# Morpheme Finder with Random Forest
We will do morpheme segmentation with random forest in this notebook.
## Import & Constants Definition

In [None]:
from json import loads
from requests import request, ConnectionError
from sklearn import ensemble
from sklearn.metrics import accuracy_score, precision_recall_fscore_support
from sklearn.model_selection import train_test_split, cross_val_score
from tqdm.notebook import tqdm

In [None]:
# env variables
try:
    with open('.env.json') as f:
        ENV_VARIABLES = loads(f.read())
        f.close()
except FileNotFoundError:
    ENV_VARIABLES = {'DATA_DIR': 'C:\\'}
DATA_DIR = ENV_VARIABLES['DATA_DIR']
FTP_DIR = 'http://m106.nthu.edu.tw/~s106062341/morpheme_finder_data/'

# file accessor
def get_file(filename: str, callback: classmethod) -> bool:
    try:
        with open(f'{DATA_DIR}{filename}', 'r') as f:
            callback(f.read())
            f.close()
            return True
    except FileNotFoundError:
        try:
            res = request('GET', f'{FTP_DIR}{filename}')
            res.encoding = 'Big5'
            callback(res.text)
            return True
        except ConnectionError:
            print('HTTP connection failed')
            return False
        except Exception as e:
            print(f'Load failed: {e}')
            return False

class Word:
    def __init__(self, text, origin_affix_list, affix_list=None) -> None:
        self.text = text
        self.origin_affix_list = origin_affix_list
        self.affix_list = affix_list if affix_list else origin_affix_list
        self.label = None
        self.create_label()
        
    def create_label(self) -> None:
        text = self.text
        label = [0] * len(text)
        pos = 0
        for affix in self.affix_list[1:]:
            prev_pos = text.find(affix, pos)
            label[prev_pos] = 1
            pos = prev_pos + len(affix)
        self.label = label
        
    def get_breakpoints_index(self) -> list:
        return [position for position, label in enumerate(self.label) if label]

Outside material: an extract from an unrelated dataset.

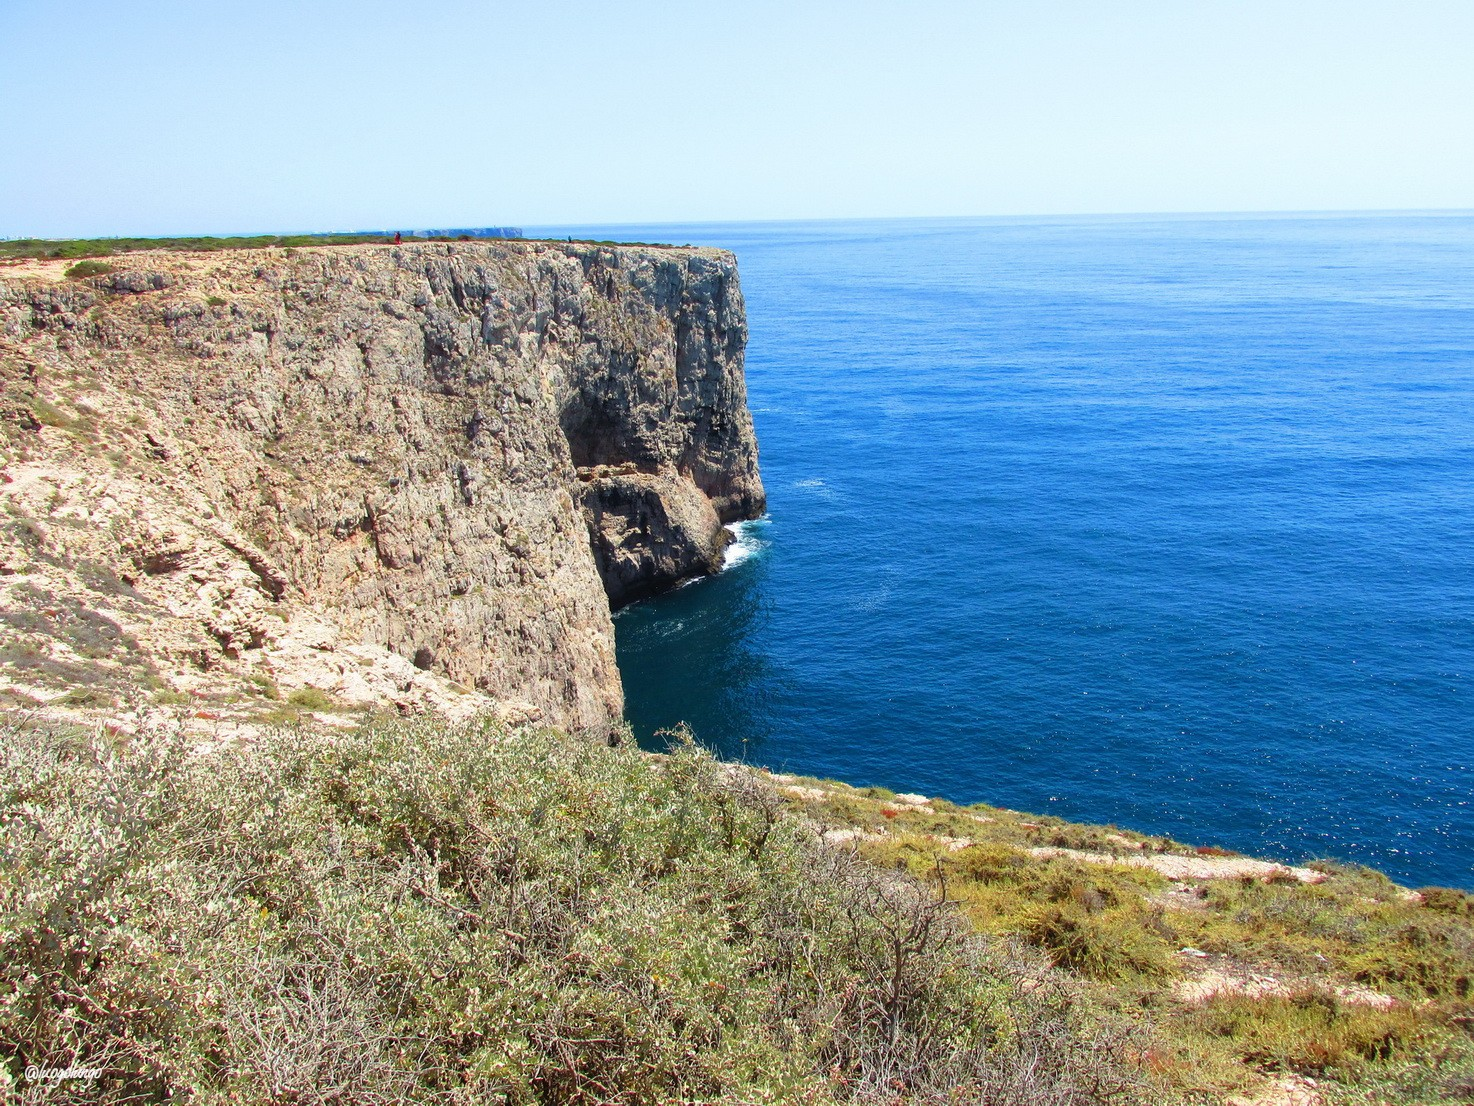 Algarve_Capo San Vincenzo_luogolungo
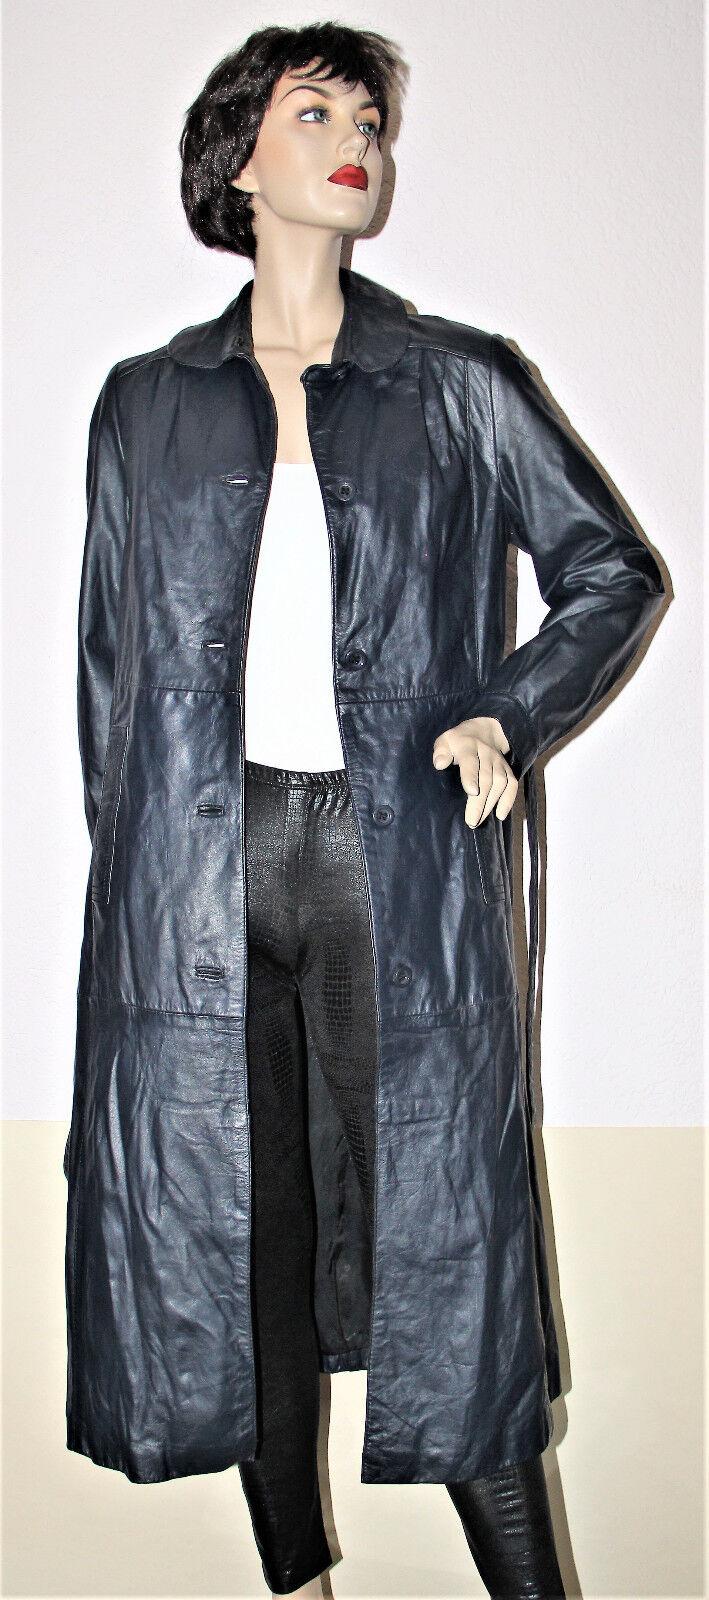 116cm schöner Damen Ledermantel sehr weiches Echtleder blau Gr. Gr. Gr. s. Maße 4b4214

## Load Data & Create its Label
1. CELEX.word.and.root.txt

In [None]:
word_dict = {}
bad_celex = []

def celex_word_and_root_callback(content: str) -> any:
    for line in tqdm(content.split('\r\n')):
        word, *origin_affix_list = line.split(' ')
        if word == ''.join(origin_affix_list):
            word_dict[word] = Word(word, origin_affix_list)
        else:
            bad_celex.append(line)
if get_file('CELEX.word.and.root.txt', celex_word_and_root_callback):
    print(f'Load CELEX.word.and.root.txt done [{len(word_dict.keys())} / {len(bad_celex)}]')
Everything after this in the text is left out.